You be the judge…
“Was just at the register at my local liquor store and realized I’d left my wallet at home (because I’m stoned) and said I would have to come back. The woman said “It’s fine. You come in here every day. I know you’re good for it.” So that’s where I’m at in life right now. I’m on credit at a liquor store. I guess I’ll SEE YOU IN HELL AMIGO!”
Glad we have him to help us learn important shit like this:
“I’m gonna tell you something that a lot of people are afraid to admit. Something the government wants kept quiet.
The secret ingredient in Jameson Irish Whiskey is cocaine.
If it’s not, then why did I destroy my entire apartment complex last night? Answer me that, college boy.”
Nothing mentioned about it on the bottle, but his evidence stacks up...
or so he says…
“Got into it with my boss today when he asked me to “please stop making mixed drinks in common areas when we have clients in the office.” I told him he might as well ask me to stop breathing, and he acted like that wasn’t a proper response. He wanted me to make a “promise” that I wouldn’t do it again or something. Then he got mad at me because I kept saying “I promise” while making air quotes and popping my eyebrows up and down. He doesn’t tell Big Lisa from Accounting to not emotionally eat in the common areas when there’s clients around, and that sure as hell would scare me off if I were them. What wouldn’t scare me is some TOTAL BADASS mixing up Rita’s on a coffee table and playing “That Smell” by Skynyrd while I was getting an office tour. Oh well. Can’t spell BOSS without B.O., that’s what I always say.”
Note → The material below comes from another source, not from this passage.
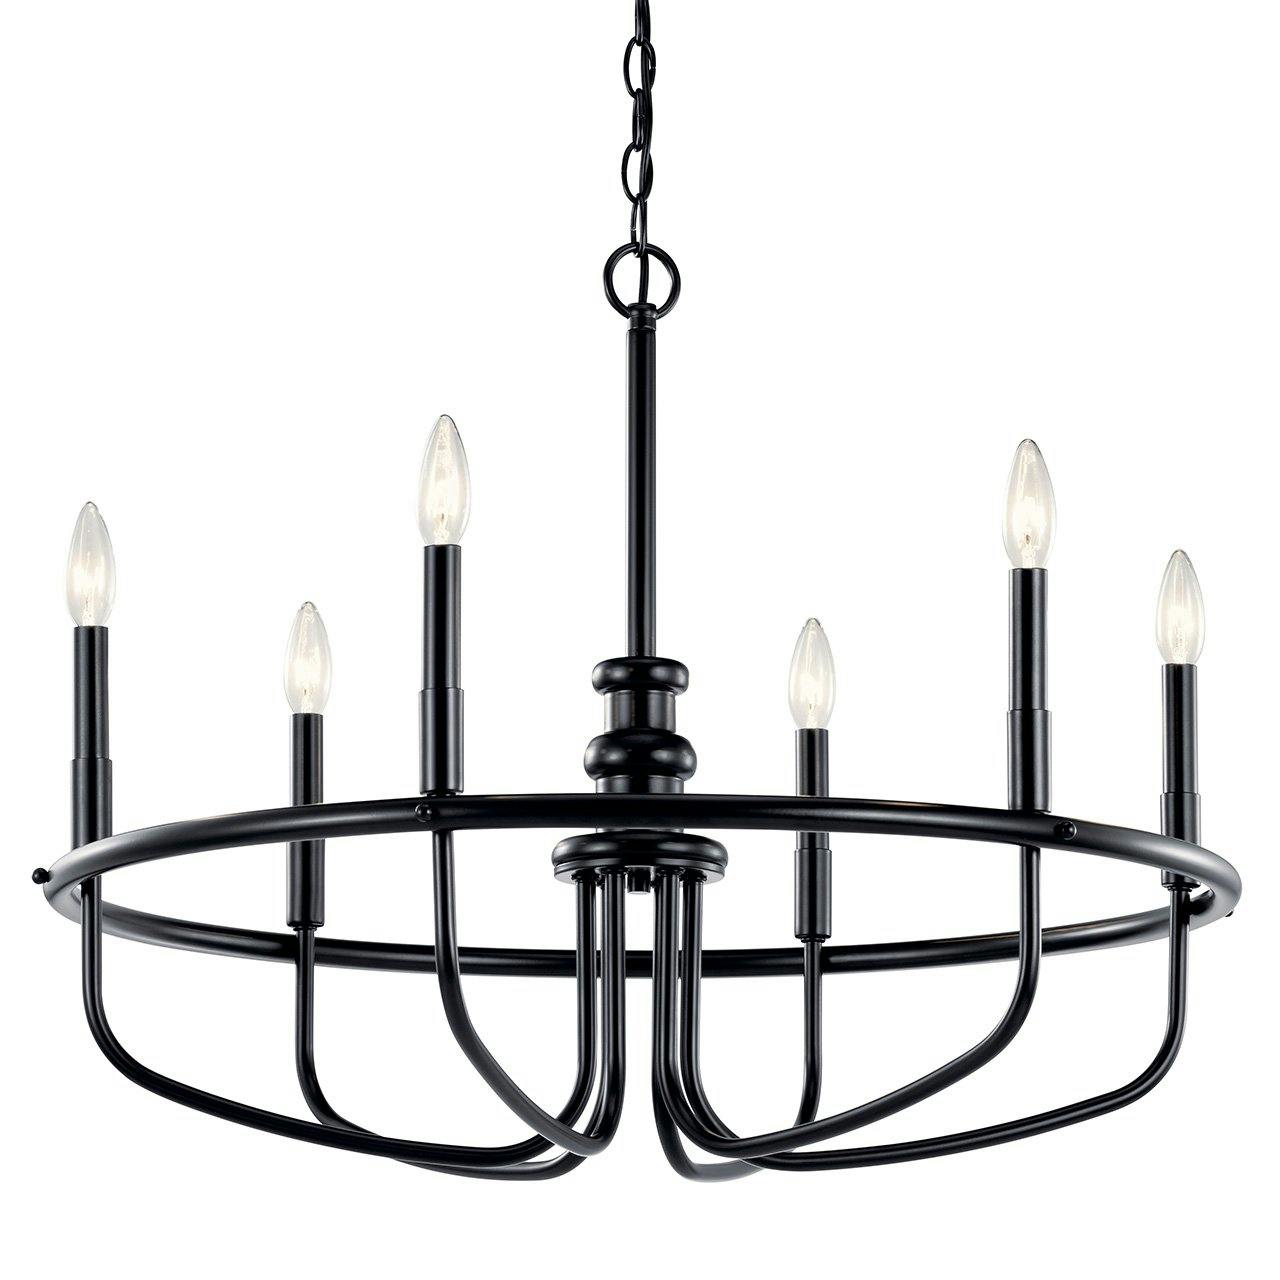 Capitol Hill 22" 6 Light Chandelier Black without the canopy on a white background

Really? Is that what you always say? I wouldn’t be surprised if he told me he was fired 6 months ago and on the verge of being homeless at this point.
This is an amazing idea:
“So last night I was watching a college football game on a Tuesday night and working on my mystery novel “The Penis Chronicles” when I had a great idea. The coach from one team decided to “ice” the kicker in overtime by calling a timeout. As usual, it didn’t work and the kicker made it after the timeout. That’s when it hit me– This weekend, if you’re at the game and it’s close and the time comes for a pressure-filled kick, I want you to RUN ONTO THE FIELD with a Smirnoff Ice in your hand, straight up to the kicker and really “ICE” that motherfucker. Try hitting a 32 yard game winning field goal with a solid buzz on, you heavy-legged fuck! Once he chugs the Smirnoff and misses the kick– Boom– you’re the hero of your school, carried off on everyone’s shoulders and straight into a Fucking Contest with SDT (Spending Daddy’s Trillions? Sucking Dick Tonight?) where you’re up first. Aaaaaaaaaand you’re welcome.”
I like it when his ideas could have no possible result but arrest and yet he still thinks they’re good.
Apparently he did not invent this idea as he thinks he did.
They’re the best aren’t they? He sent this pic and wrote the shit below…
“I should’ve worked in Marketing. Problem solved, Mount Gay!”
Two major points of note: He made the island into a dick, and the bottle is empty. But I guess that's not suprising.
Go ahead, try…
“Just went to the liquor store with my surfer friend and talked to the clerk about football, then whiskey, then women troubles. On the way out, I snapped this photo. Who just had 10 more American minutes than that? That shit was BALLS-OUT-AMERICAN!!!!!!! Go ahead, try and beat it!”
Here’s the photo:
Are strawberries and cheese like a common thing? Never heard of it.